公開日:2023年10月25日 14:00 更新日:2023年10月25日 14:00

前2走は完勝に見えても完調ではなかった

 イクイノックスは昨秋の天皇賞・秋①着→有馬記念①着で年度代表馬の座を射止めた。

 その勢いは今年に入っても止まらない。3月のドバイシーマクラシック①着→6月の宝塚記念①着とさらにタイトルを積み上げた。

 目下、GⅠ4連勝中。下半期の始動戦は連覇を狙うこの天皇賞・秋。ここを勝って次はジャパンCへ――。連勝なら、2年連続での年度代表馬、さらに歴代獲得賞金1位の座も視野に入ってくる。

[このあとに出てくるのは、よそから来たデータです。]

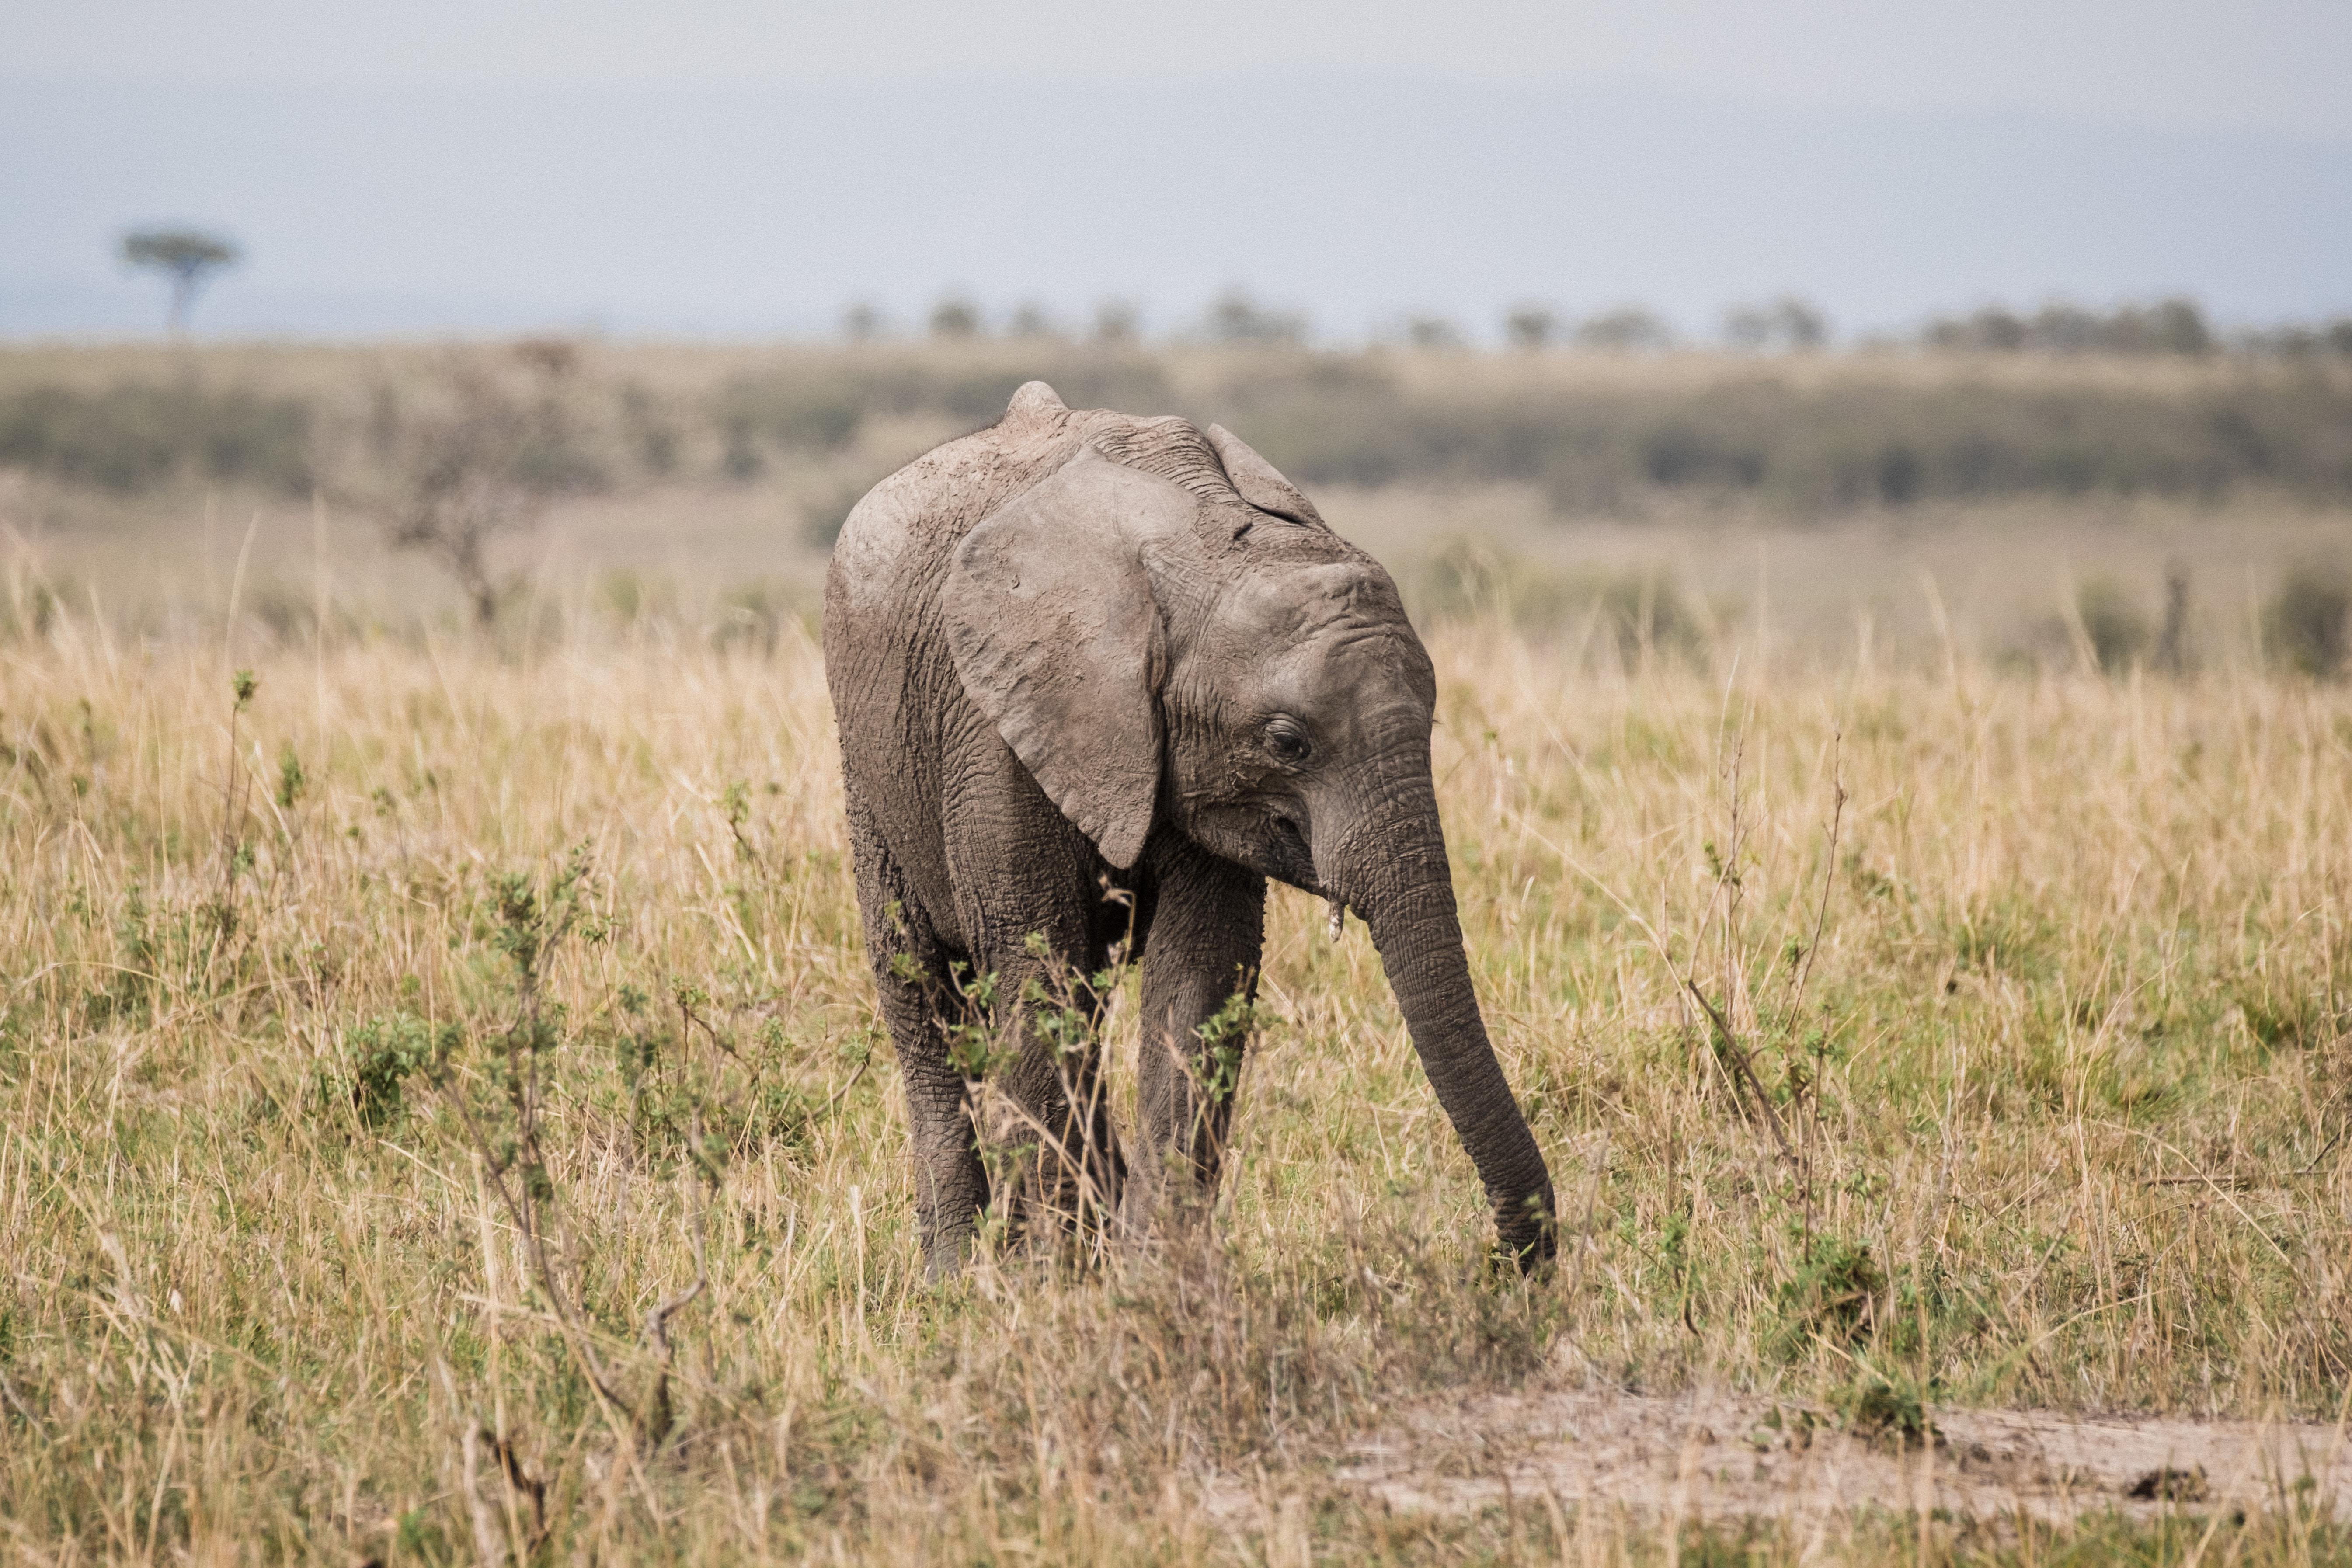 gray elephant walking on green grass field

 今年の2戦はレースこそ完勝だったが、それまでの道のりは決して平坦ではなかった。

 まずドバイ遠征。美浦にある国際検疫の馬房に入ってから一気に体調を崩してしまう。

 馬房のつくりもあって孤独感から馬が寂しくなり、メンタル面がやられた。食欲が落ちて、負荷をかけるトレーニングができずにいた。さらに長距離輸送で、ドバイに着いた時点で馬体重は480キロ台前半。有馬記念から10キロほど落ちていた。

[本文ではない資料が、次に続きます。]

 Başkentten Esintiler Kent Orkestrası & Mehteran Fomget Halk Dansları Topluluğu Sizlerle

 ドバイでは馬房環境が改善されたことで食欲は徐々に回復。底を打った状態から何とか上昇傾向でレースに臨んだ。決して完調とは言えない、そんな状況だった。

 だが、結果は逃げて、後続に影を踏ませず、コースレコードで3馬身半差の圧勝。この走りで国際レーティングは129ポンドで世界1位の高評価を受けた。

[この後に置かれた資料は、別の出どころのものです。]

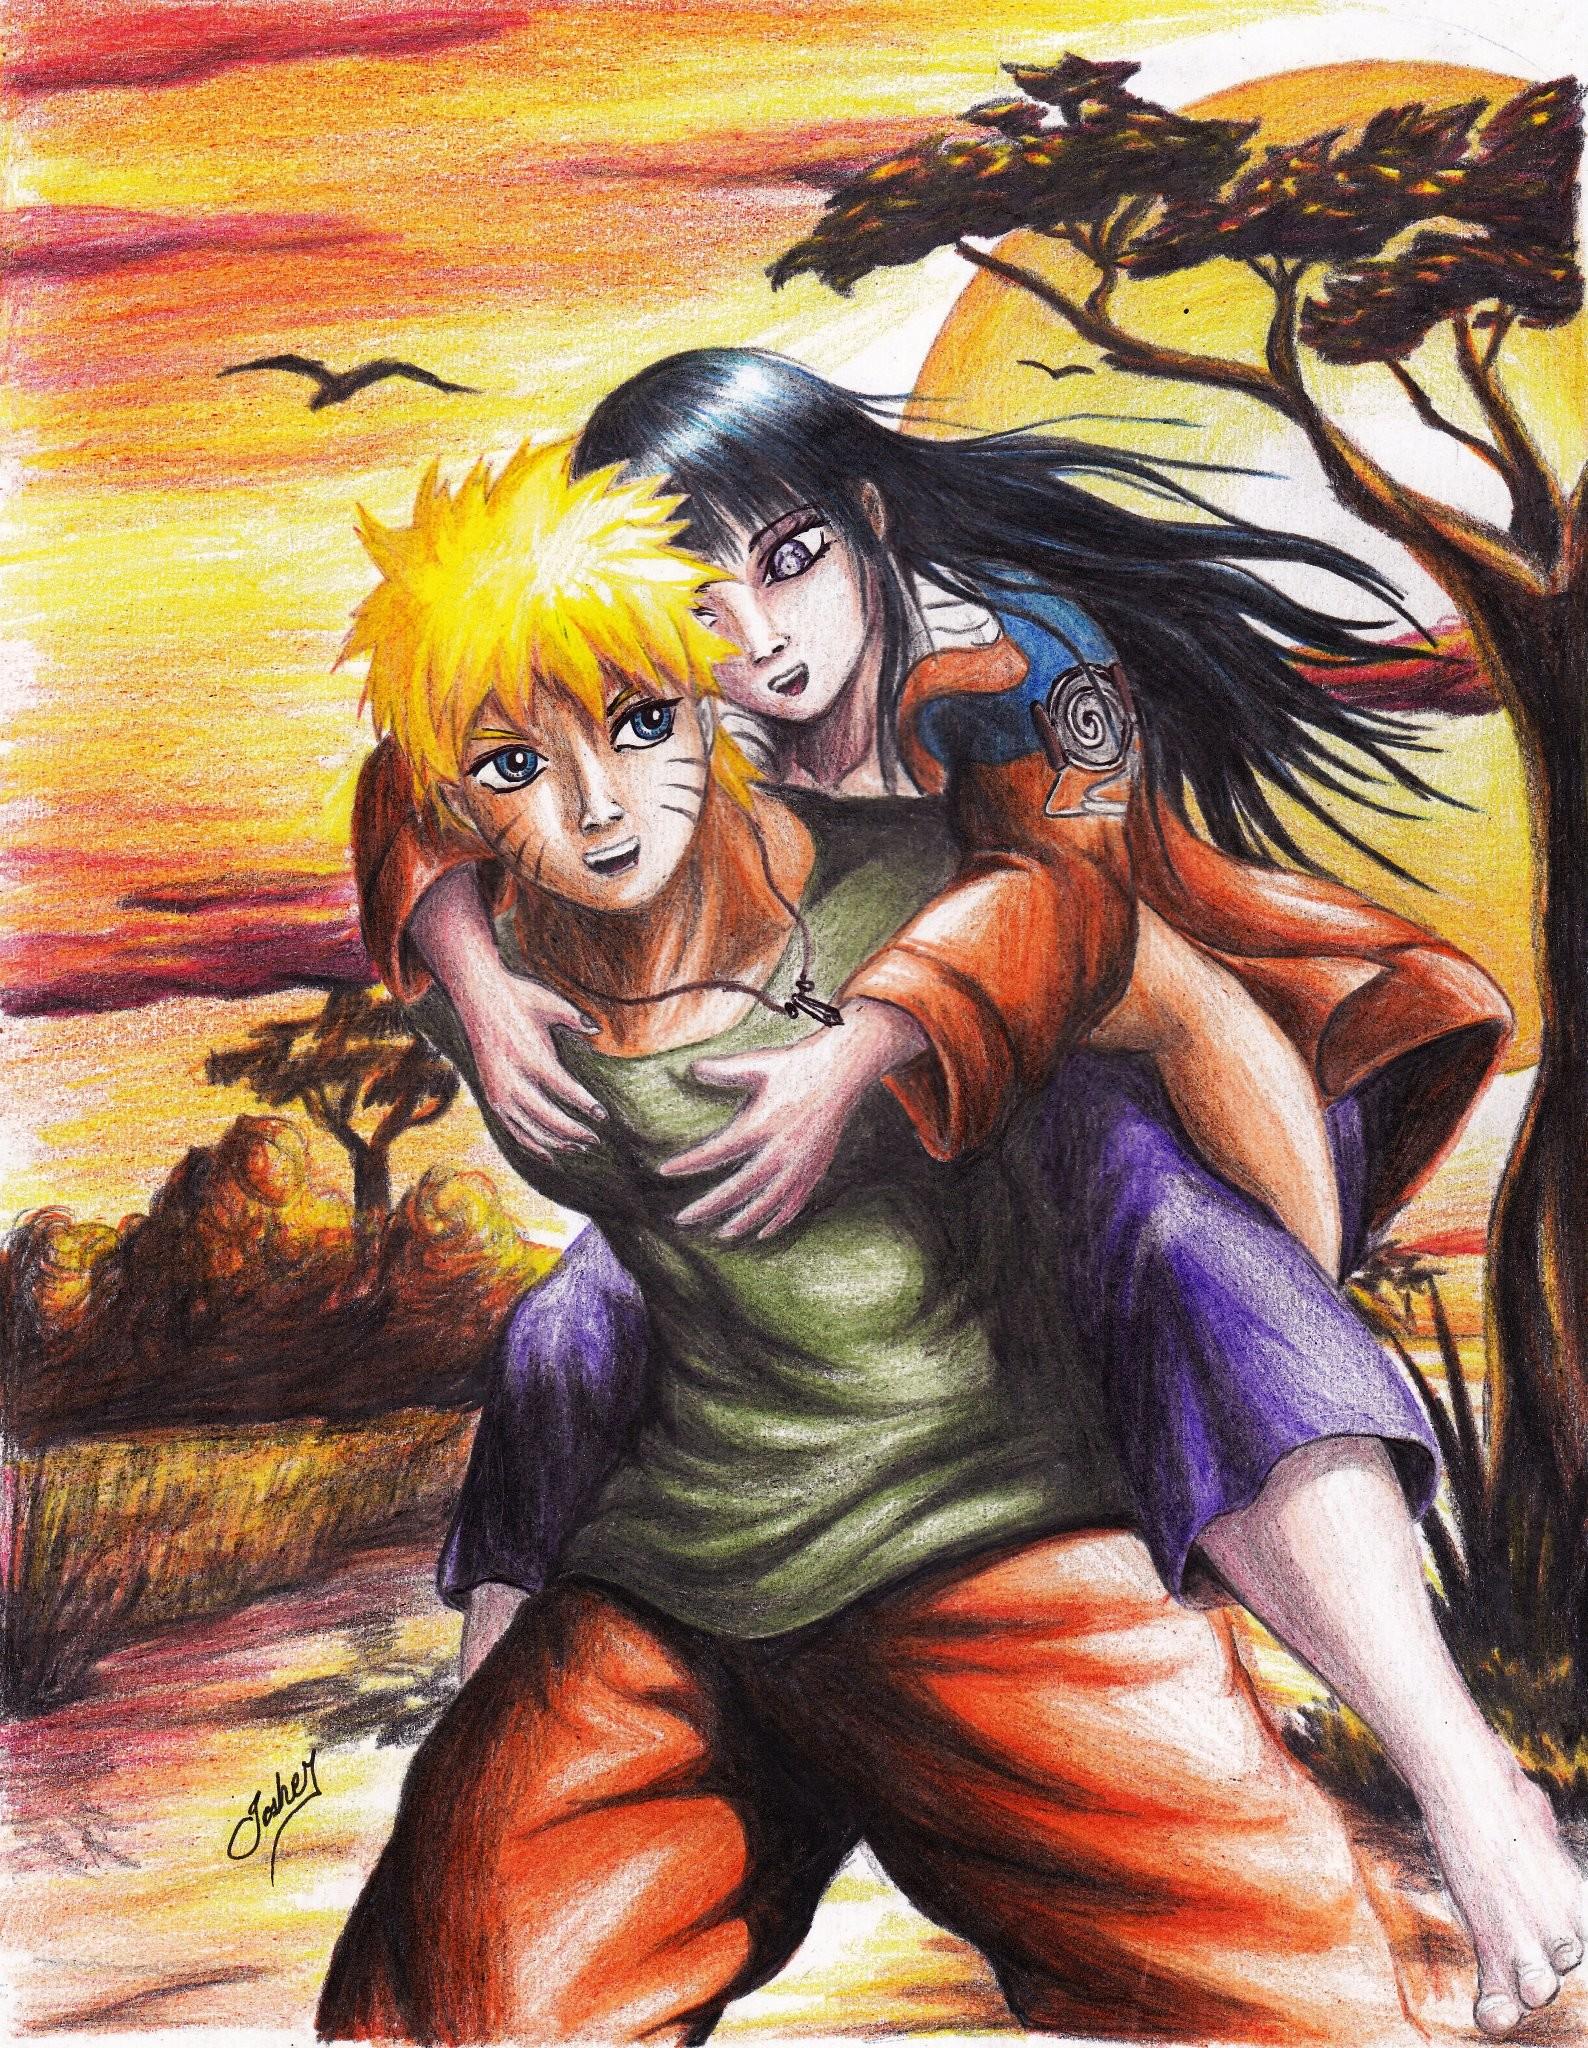 Naruto Love Hinata Wallpaper 64+ images

 その後、世界各国の主要競走が行われ、先日の凱旋門賞を6戦無敗で制したエースインパクトですら128ポンド。この半年間、歴戦の猛者に抜かれることなく、トップを維持し続けている。

 ちなみに、ドバイで②着に負かした英国馬ウエストオーバーは凱旋門賞でも1馬身4分の3差で②着に好走した。

アウェーからホームへ

 続く宝塚記念も、簡単な勝利ではなかった。

 美浦の坂路閉鎖もあったが、木村厩舎は開業以来、阪神開催で思うような結果を残せずにいた。そこで昨年あたりから栗東滞在で臨むパターンを選択していた。

 ドバイから中12週。日本への輸送、着地検疫、放牧、立ち上げ、美浦入厩、そして栗東へ移動しての調整。オーバーホールの時間が圧倒的に足りず、バランスの修正に苦心した。さらに相次ぐ環境の変化に伴い、馬体は減り、背中やトモの筋肉は物足りなく、歩様の乱れもあった。

 そんな過程でも勝つのが希代の名馬たるゆえんか。行きっぷりのいい普段とは違い、行き脚がつかず、ポジションも取れなかった。勝負どころからの反応も悪い。それでも終わってみれば、肩ムチだけ。右手前のまま4角から直線で前にいた十数頭をかわして先頭に立ってしまうほどの能力差を見せつけている。

「決していい状態ではないのに勝ってしまう。でも、宝塚記念はゴールしたらすぐに止まってしまいました。有馬記念やドバイではなかなか止まらず、向正面まで走っていた馬ですからね。難しい状況や問題でも、簡単に解けてしまう。本当に天才肌なんでしょう」と木村師は分析する。

 前2戦はアウェーでの勝利だったが、今度は久々の地元開催。勝手知ったる美浦で調整して、3戦2勝②着1回の“ホーム”東京だ。そう、条件は一気に好転する。